**Information shown**
- - - - - - -

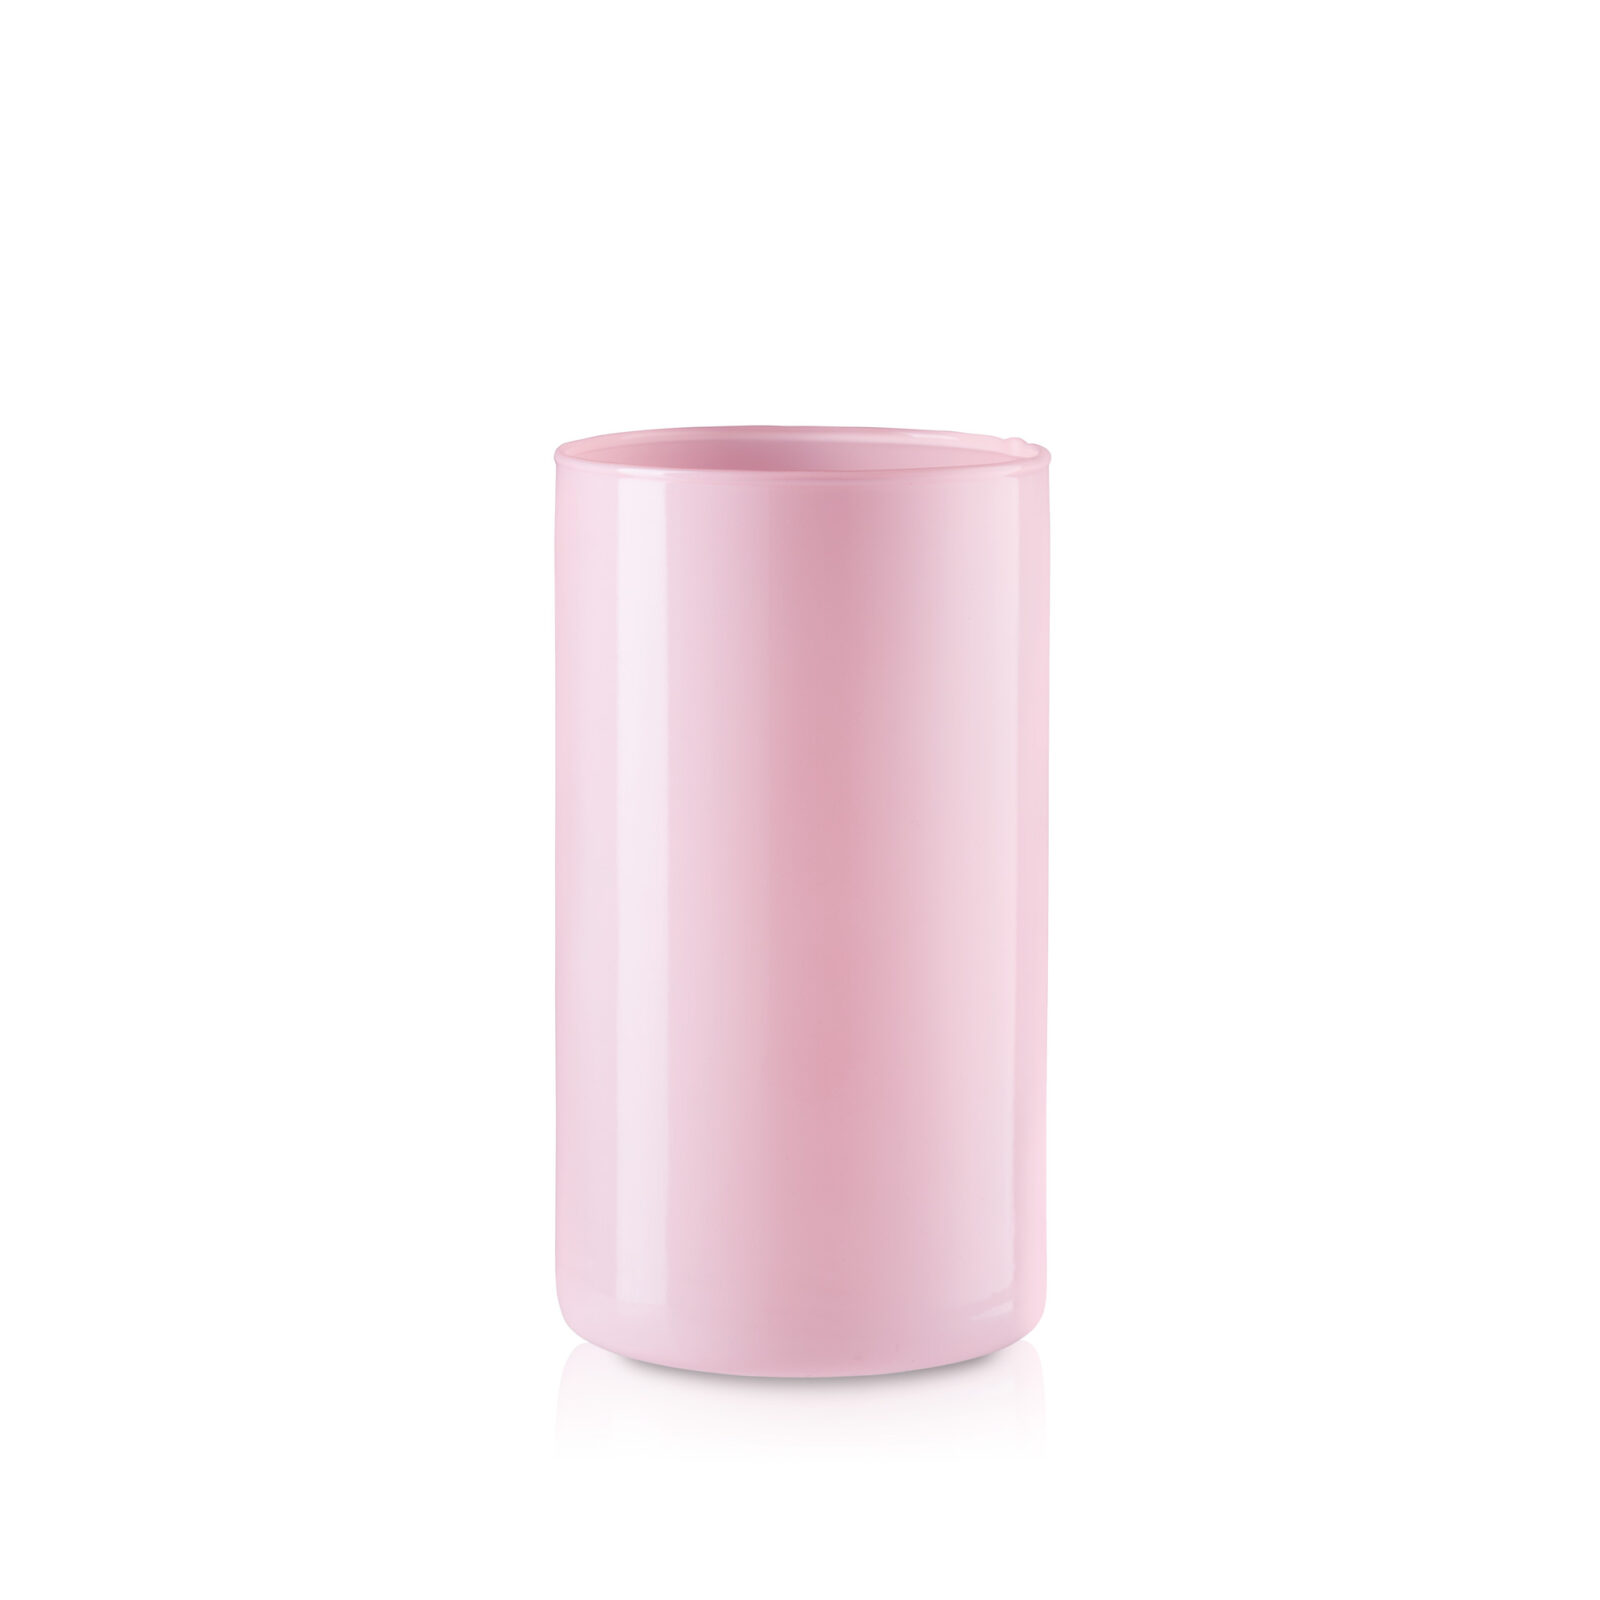 Wazon szklany cylinder tuba różowy połysk 20 cm
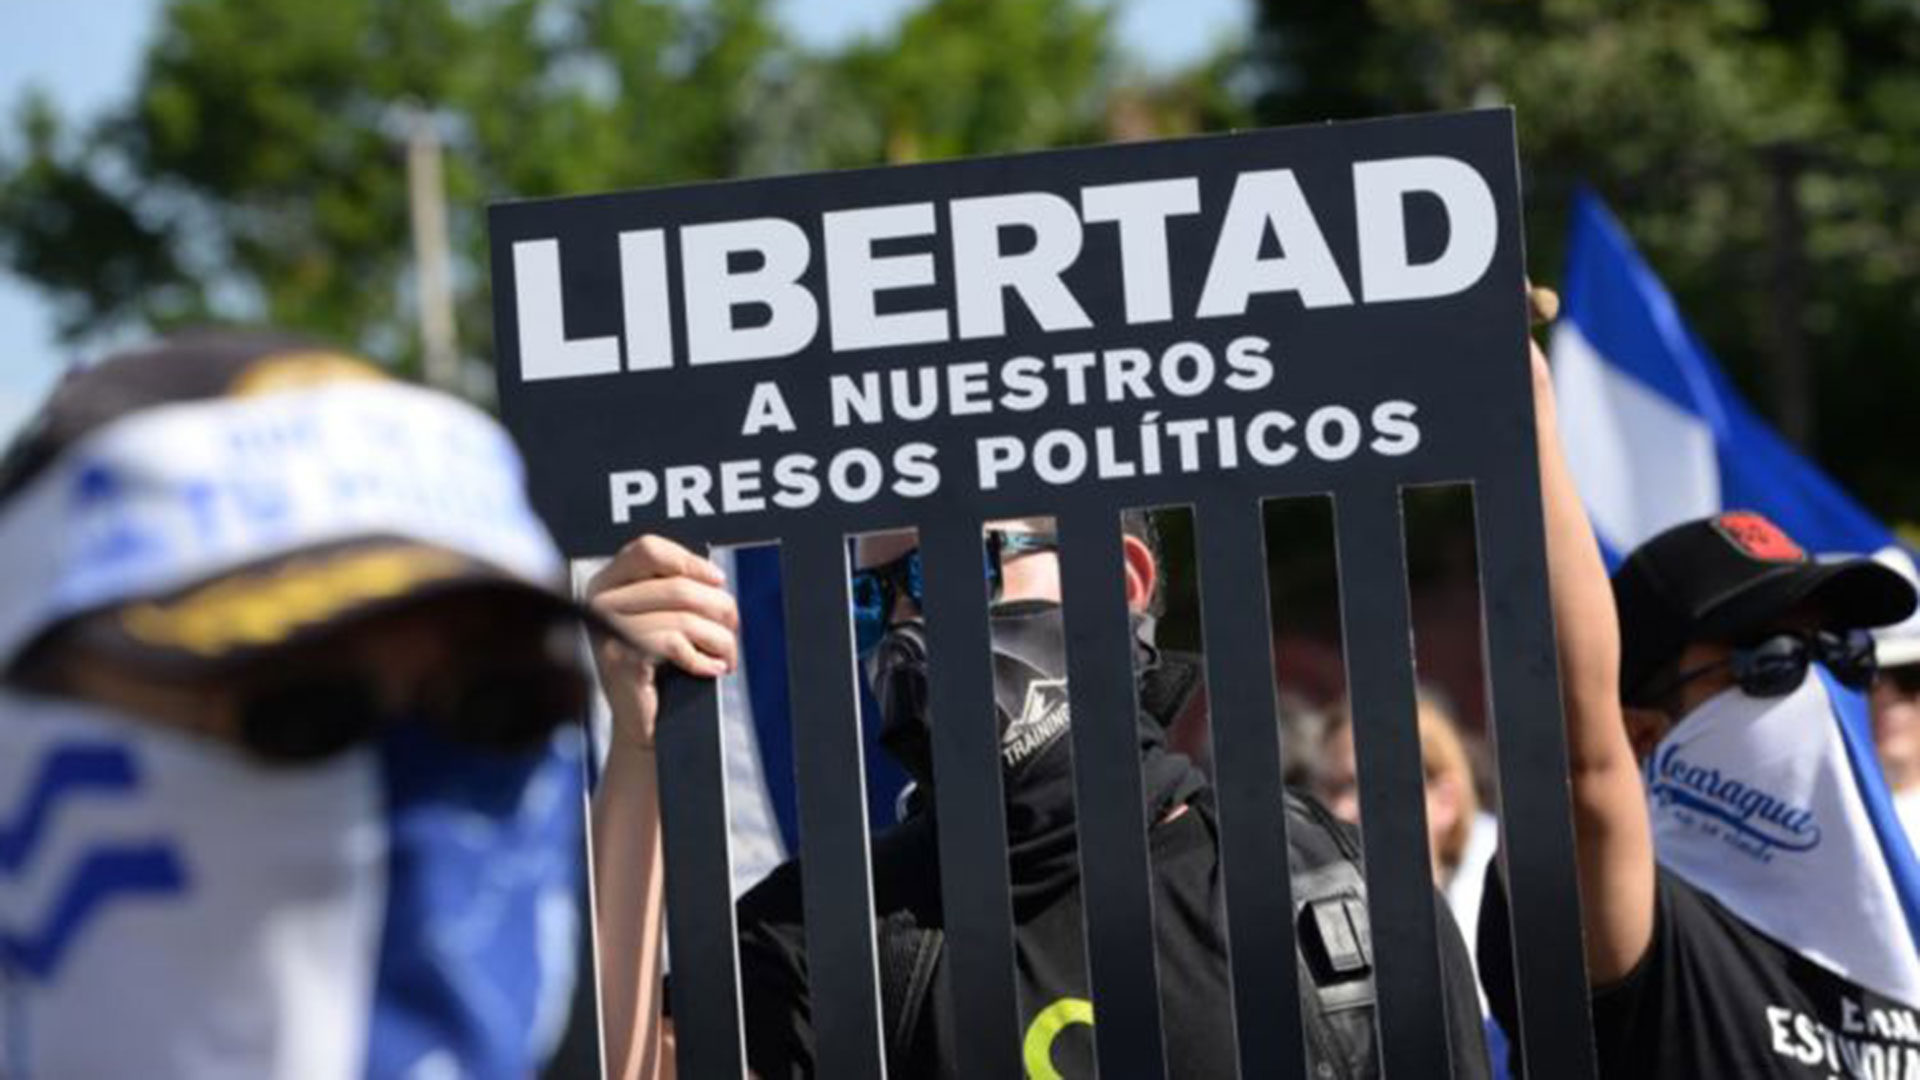 La libertad de unos 120 presos políticos es una demanda fuerte de amplios sectores de la población nicaragüense. (Cortesía La Prensa/Nicaragua)
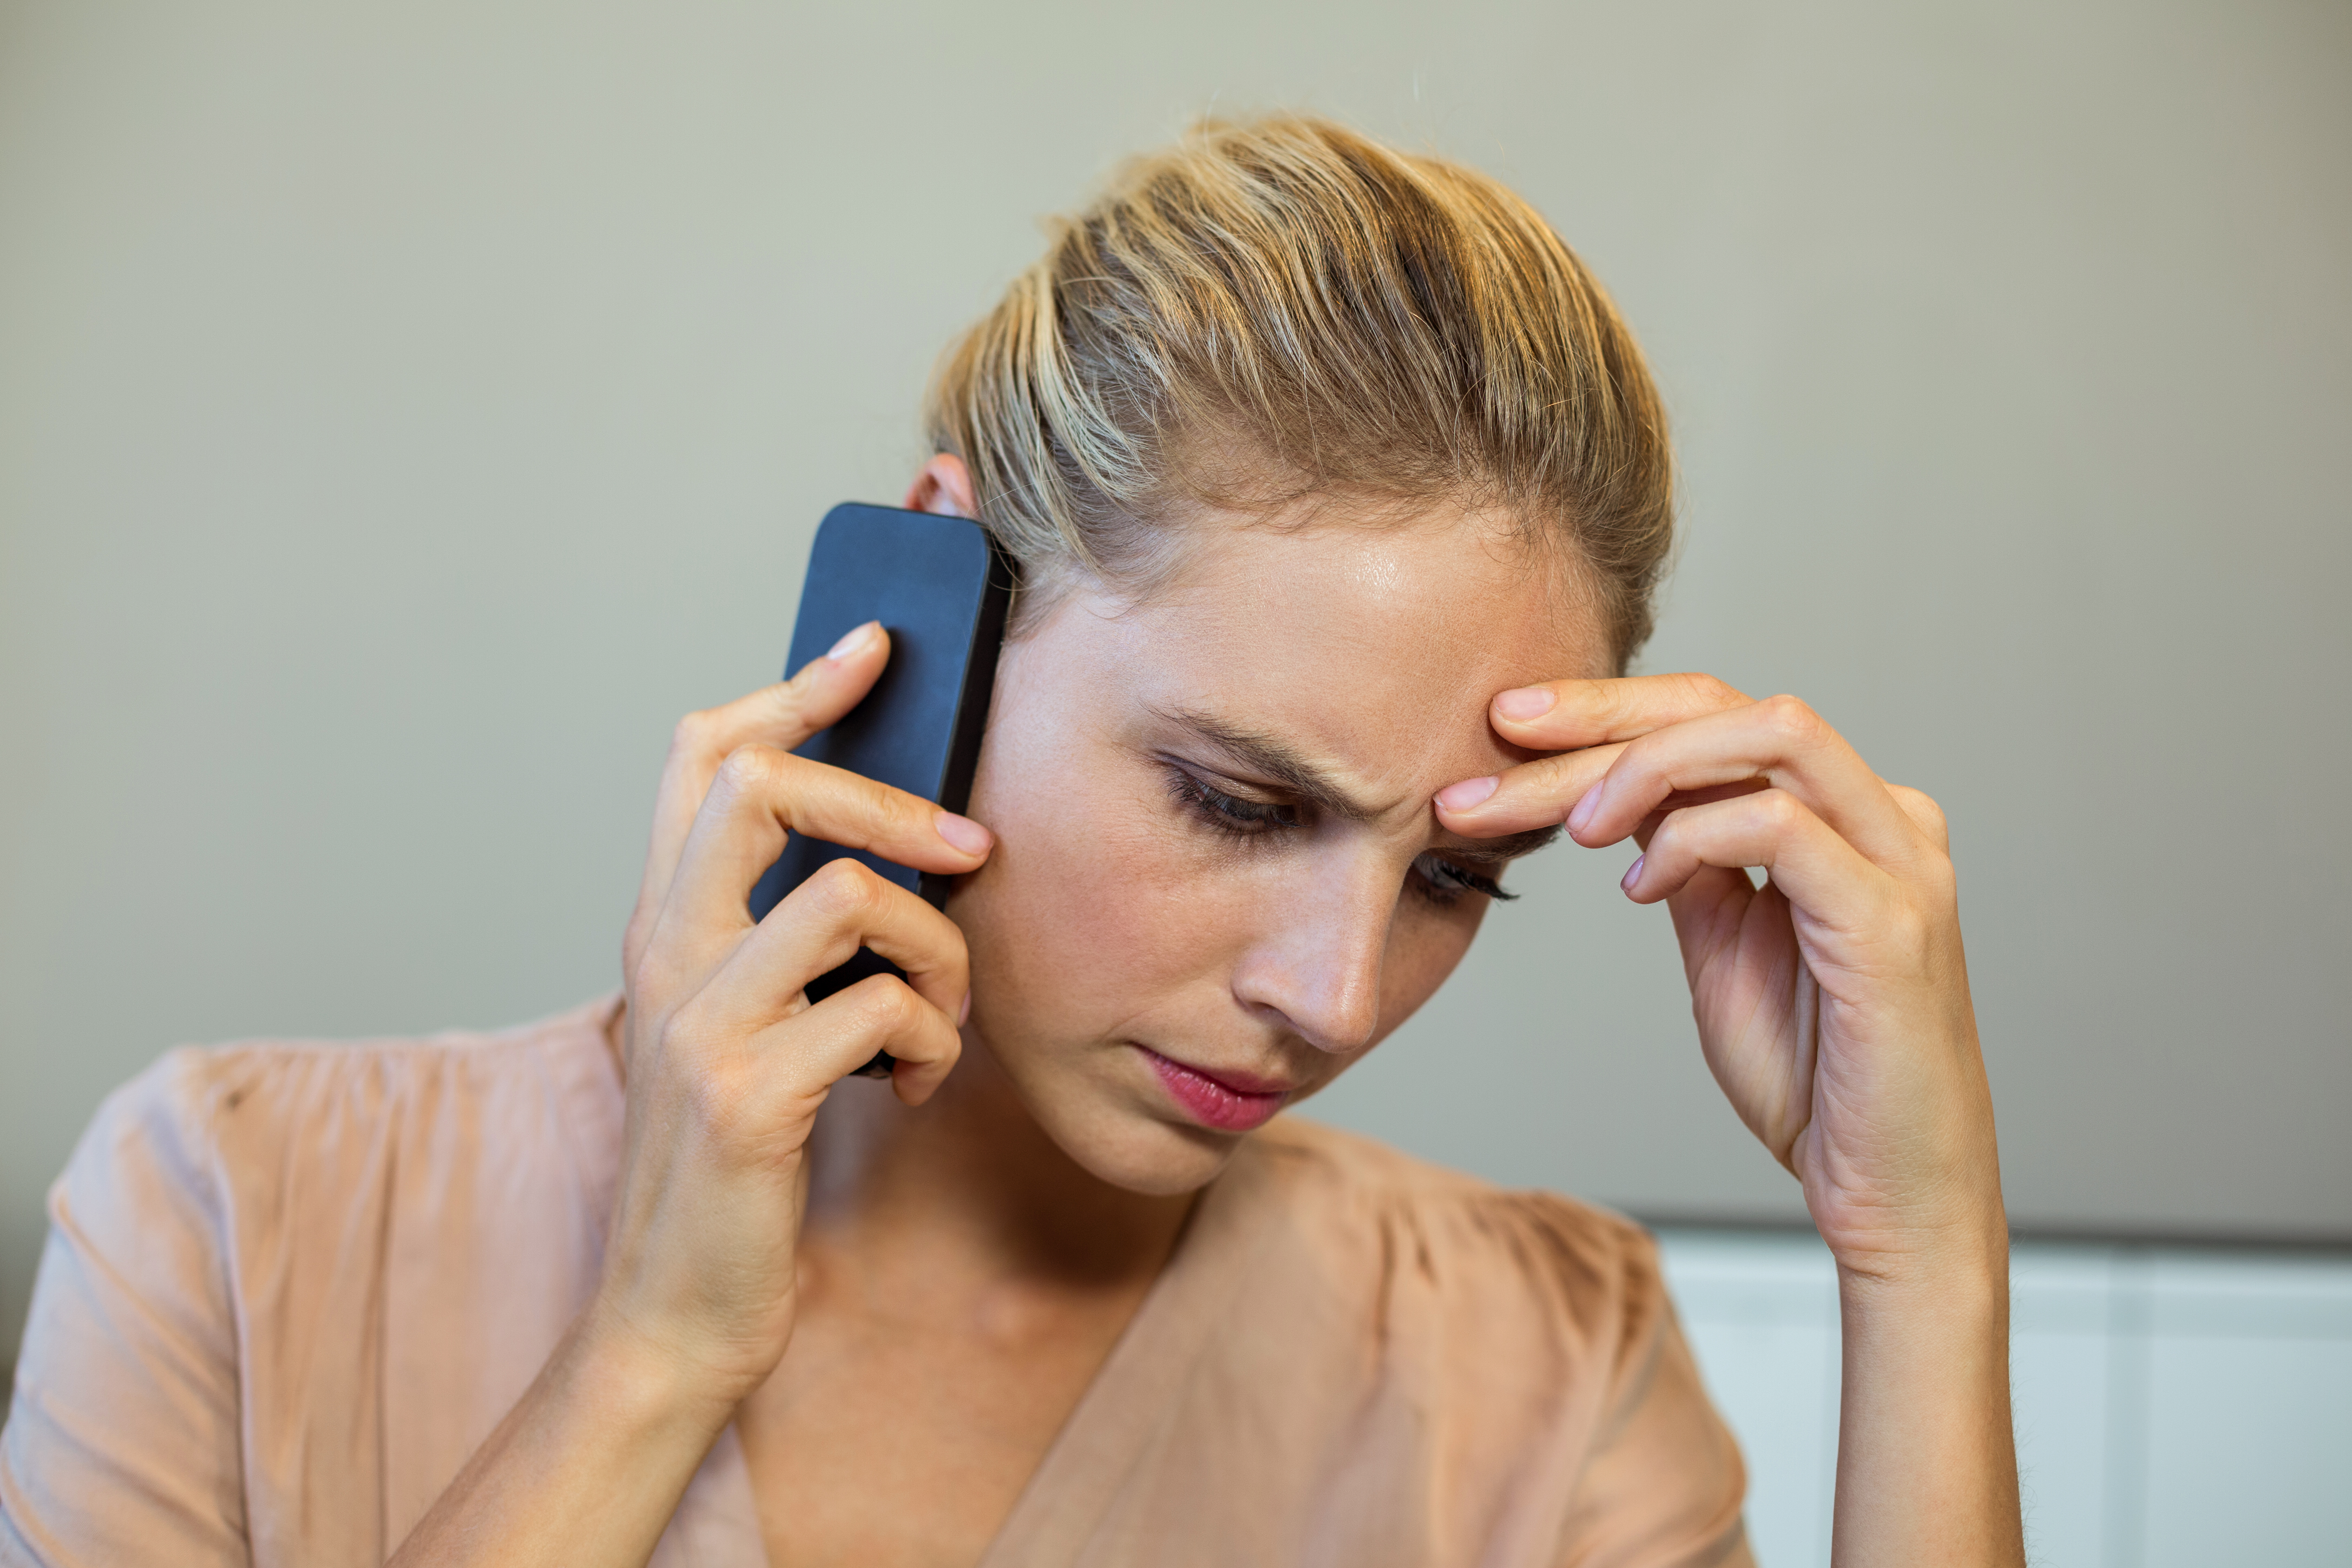 Eine Frau schaut frustriert, während sie telefoniert | Quelle: Shutterstock

- - - - - - -

**Task prompt**
Reproduce the listing exactly, but omit every picture in it.

**Finished task**
 Wazon szklany cylinder tuba różowy połysk 20 cm
 La libertad de unos 120 presos políticos es una demanda fuerte de amplios sectores de la población nicaragüense. (Cortesía La Prensa/Nicaragua)
 Eine Frau schaut frustriert, während sie telefoniert | Quelle: Shutterstock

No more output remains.